Are those folks going to sit there watching 48 commercials an hour when they can fast-forward past them? I don’t think so.
Will the big prime-time network shows be able to avoid even more audience shrinkage when people can watch anything they want at any time? I don’t think so.
That will leave television advertisers of 2003 spending most of their dollars on the smallest and least affluent part of the market. Good luck.
Sophomoric Slump The reason I mention all this is that I am absolutely baffled by the sophomoric ad for ReplayTV that I have chosen for this issue’s makeover. How could they have possibly run such anobscure, lackadaisical ad for such an exciting and revolutionary product?
“If I had my own channel” sounds like the ad is talking about a futurist fantasy or purely hypothetical possibility, not something that is actually available today.
This is followed by a feeble joke about women’s hair which some strong, independent women might feel is insulting.
The ad is illustrated by the face of a woman who seems not only strong and independent but a little unpleasant. She’s almost a sourpuss. Isn’t that a hint of a snarl on her lips?
The text of the fashionable teeny-tiny white letters on black background does touch lightly on some of the attractions of the product. But there is so much more exciting news about it that needs to be told. What were they thinking? Even in my makeover, I felt that my copy wasn’t long enough to do the product full justice.
As I have ranted about many times before, part of the explanation for such ridiculous advertising is the fad for ludicrous creative excesses in so much unmeasured advertising today.
But I couldn’t help wonder if there wasn’t something else involved. Suppose the agency copywriter had wandered into the creative director’s office, excitedly waving a rough layout headlined something like, “Goody! Now your viewers don’t have to watch our agency’s television commercials anymore!” Maybe, just maybe, he would be gently steered in a different direction with words like, “I have a better idea.
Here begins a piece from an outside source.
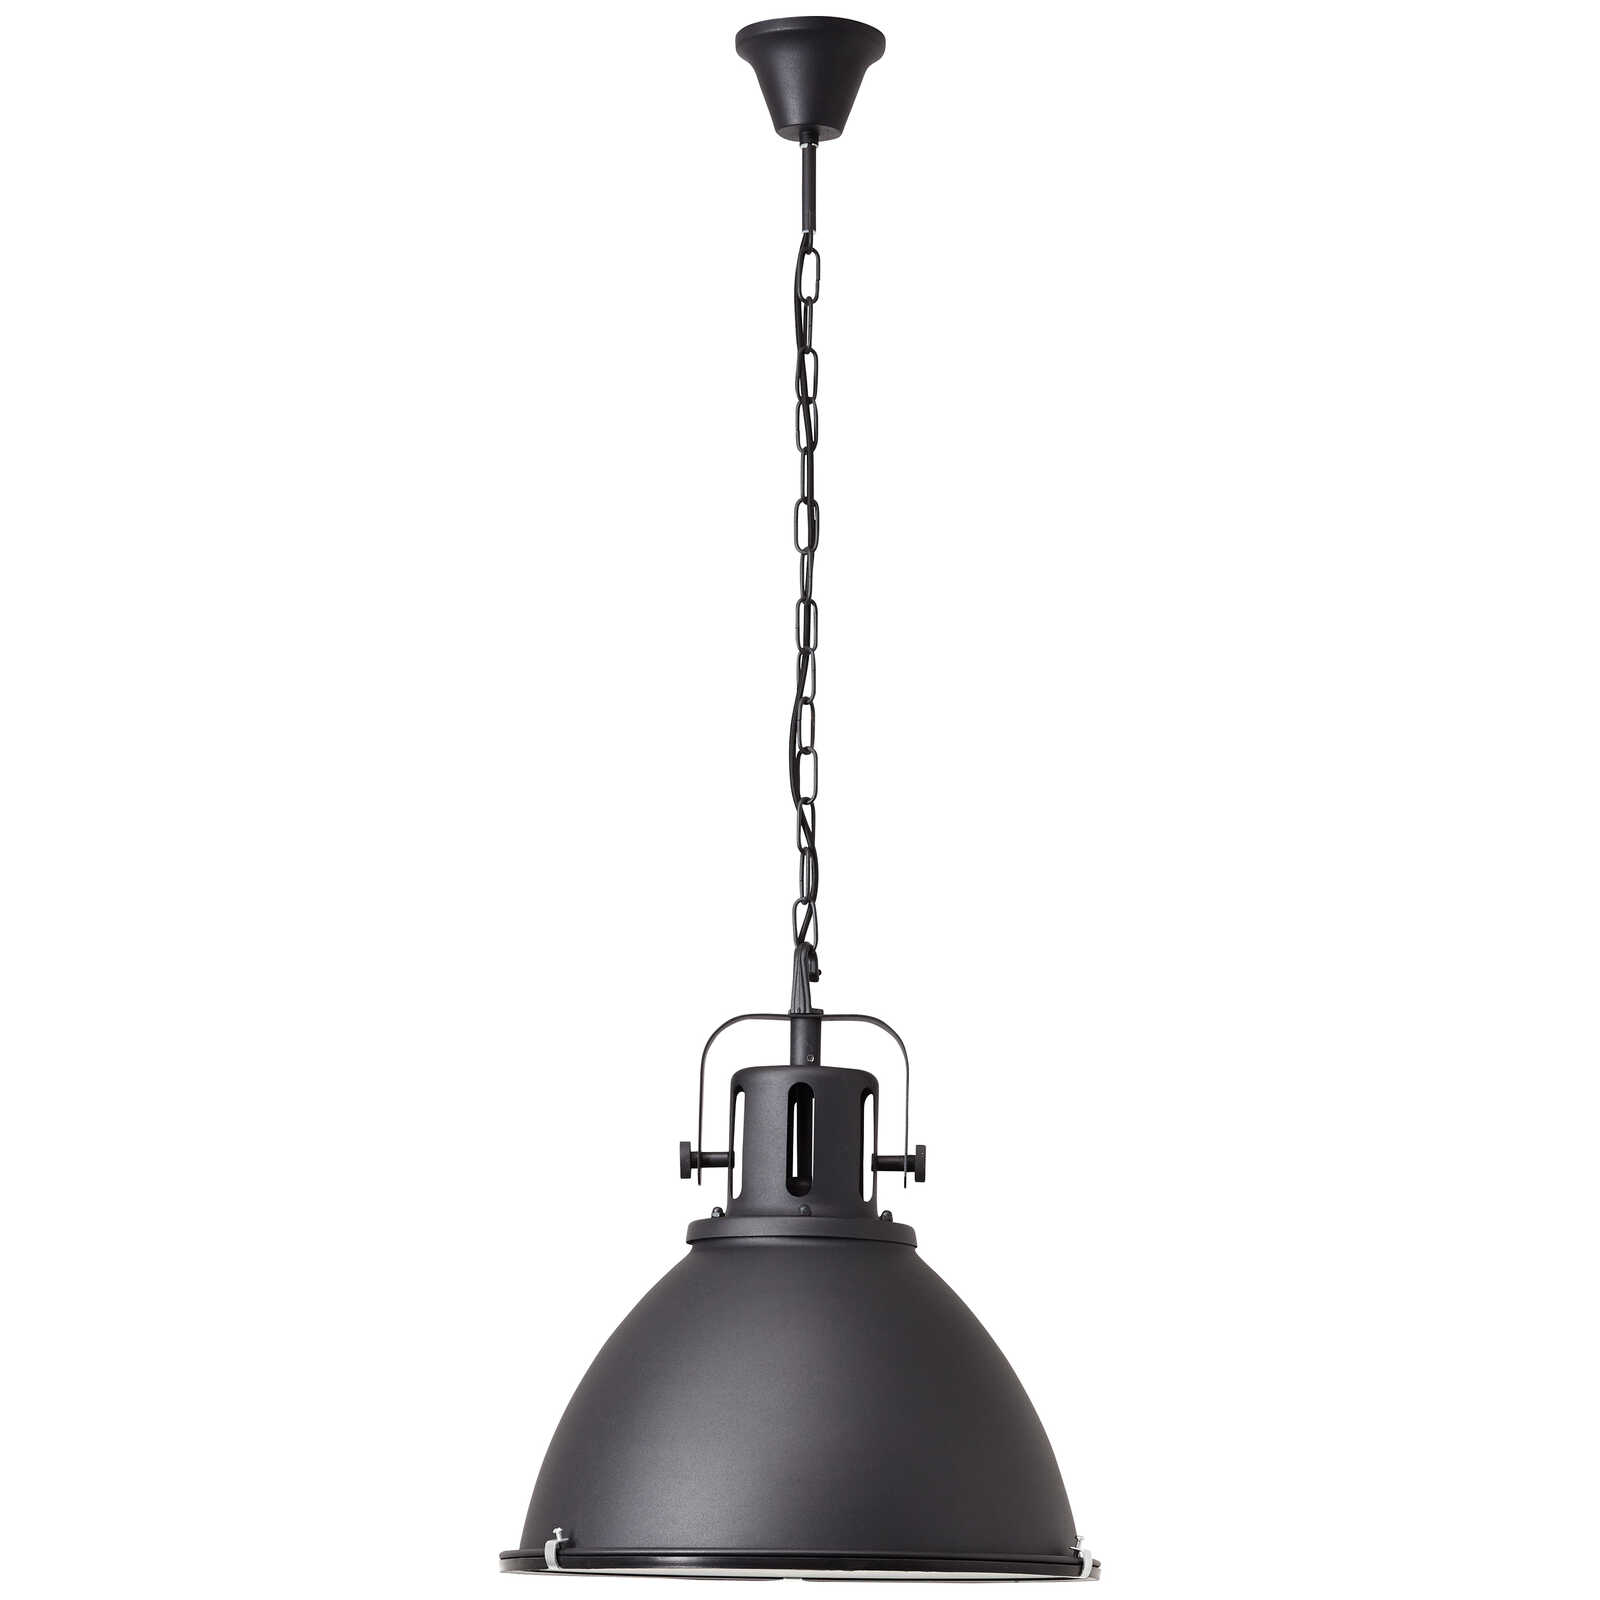             Metalen hanglamp - Josefine 6 - Zwart
        
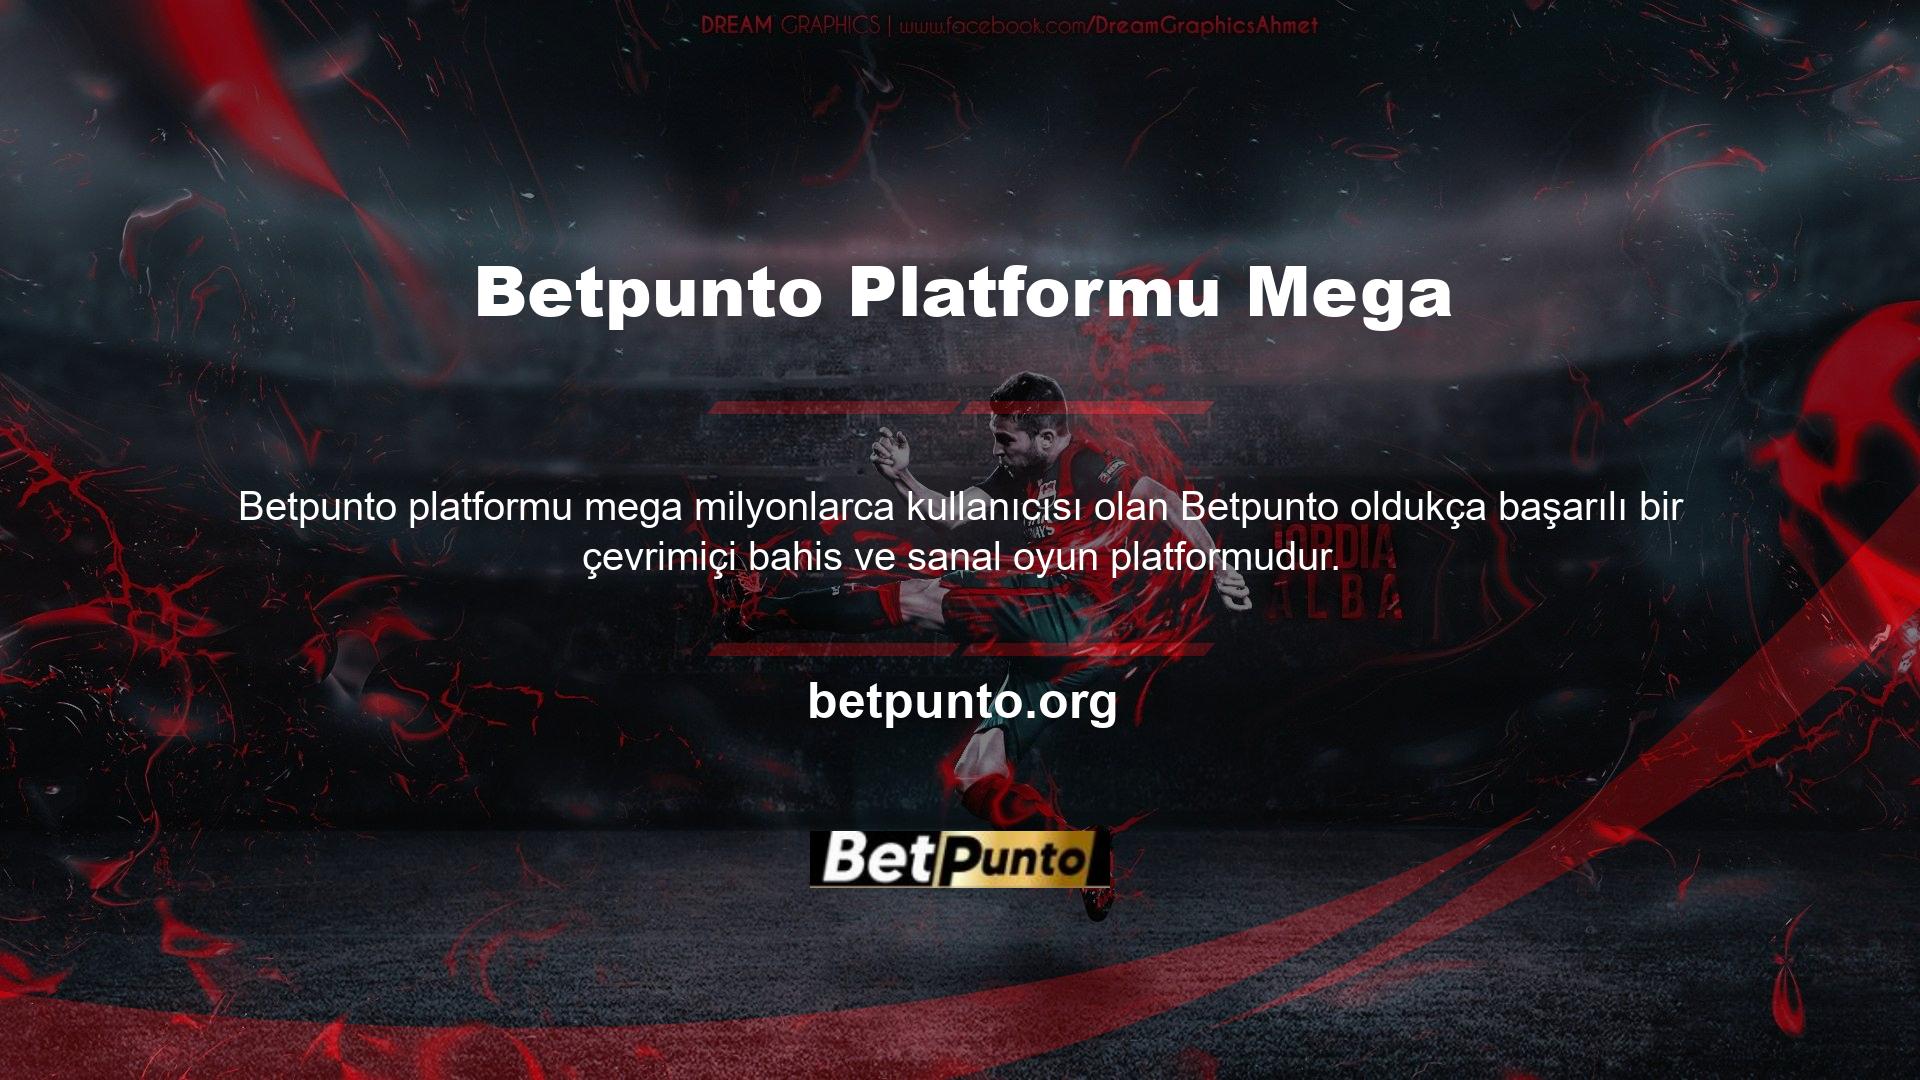 En popüler mobil oyun siteleri arasında ücretsiz ve kullanımı kolay üyelik seçenekleri sunan Betpunto Mobile yer almaktadır

How about a joke about women’s hair?” What do you think?
In my makeover, I chose the American Revolution as a visual metaphor for the electrifying news of this product advance. And I highlighted what I thought were the two salient features: You are free to watch anything you want to watch, and you are not forced to watch anything you don’t want to watch.
And oh, yes, I did not set my body copy in tiny white letters on a black background, with quadruple leading.